For Richard Corum
“Hope of revenge shall hide our inward woe,” Prince Troilus of Troy says at the end of the play (5.10.31-32). There a war sparked by wounded pride; a cuckold and his comrades lay siege to Troy. Helen is Menelaus’s queen, and she, absconded, succumbs to Paris. A grand love affair and a greater war, but Shakespeare finds his way to condemn them. Troilus and Cressida is an anti-war story, and Shakespeare sets up Homer’s classical account as folly, as driven by wanton lust, concern for reputation, hope for fame, and revenge. The so-called love story between Troilus and Cressida follows a similar weave.
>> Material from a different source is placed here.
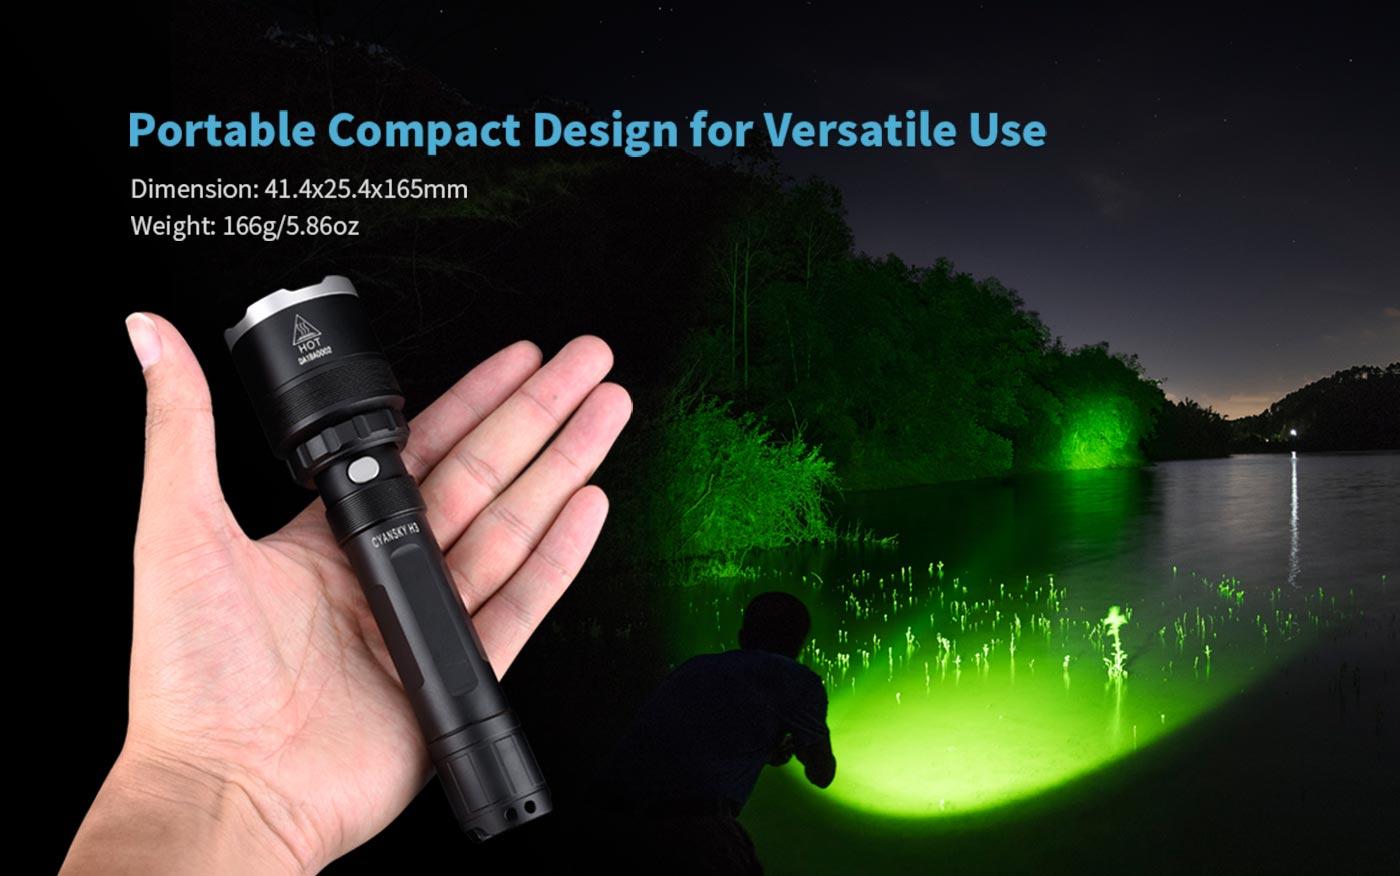 Campact hunting torch, hunting flashlight torch, portable hunting torch

We are not convinced that Troilus is truly in love with Cressida when he admits to Pandarus that he stalks “about her door” like an animal primed for conquest. The pacing anticipates the quenching of his lust, and “the imaginary relish is so sweet” (3.2.9, 20). The two can hardly breathe. Troilus considers “the capacity” of his “ruder powers,” and Pandarus allows that his niece “fetches her wind so short” (3.2.26, 33-34). The two lovers both exclaim that they will be true and faithful. Very quickly they spend the night together, and she wants him to linger. She calls herself foolish, and says “I might have still held off, and then you would have tarried” (4.2.17-18). When Troilus finds out that Cressida is going to be given away, he asks merely “Is it concluded so?” and he adds, “How my achievements mock me,” referring to the evening’s sexual victory(4.2.68, 71). Troilus indicates his lack of truth when he leans over to Aeneas and states “you did not find me here.” He gives her up easily with exclamations of devotion. He promises to visit her nightly, which he does only to spy on her. He sees her relinquish his token of love, his sleeve. His pride wounded, he vows revenge on Diomedes. He is blinded by his physical passions. Thersites, one of Shakespeare’s finest creations, condemns the entire lot of them, Greeks and Trojans, for allowing their physical excesses to outweigh intelligence, the point of the play. “Now they are clapper-clawing one another,” Thersites says, as he watches the battles rage (5.4.1).
Before Troilus and Cressida sleep together, she foreshadows what will happen when she is traded for Antenor and eventually gives herself to Diomedes. She says “I have a kind of self resides with you/But an unkind self, that itself will leave/To be another’s fool” (3.2.156-158). Indeed, as easily as Troilus seems to give her up, she yields to the Greek commander. When Shakespeare was thirty, he worked out his thoughts on Troy in “The Rape of Lucrece.” Gazing at the painted scene of destruction, Lucrece says of Helen “show me the strumpet that began this stir.” The eyes see the physical and the lustful, both Cressida and Lucrece concur, and corrupt the mind. Lucrece says about Paris, “Thy eye kindled the fire that burneth here,” and all must die because of this “trespass of thine eye” (Lucrece, 1470-1477). Almost ten years later in Troilus and Cressida, when Cressida has symbolically given herself to Diomedes, she says “The error of our eye directs our mind,” and she supplements that with “Minds sway’d by eyes are full of turpitude” (5.2.110-112). The depravity she refers to is her own, and it has evolved from her earlier physical acquiescence to Troilus’s lust. Now she begs for Diomedes: “I prithee, come” (5.2.106). Cressida is here untrue, and she has given herself to the other side completely, just as Helen had done. Later, when she sends a love letter to Troilus, he says “My love with words and errors still she feeds, but edifies another with her deeds” (5.3.11-112). She yet dissembles, and speaks of love, but she is with another. Here exists the flimsy foundation upon which the war is based, and upon which the supposed love between Troilus and Cressida eventually dissolves.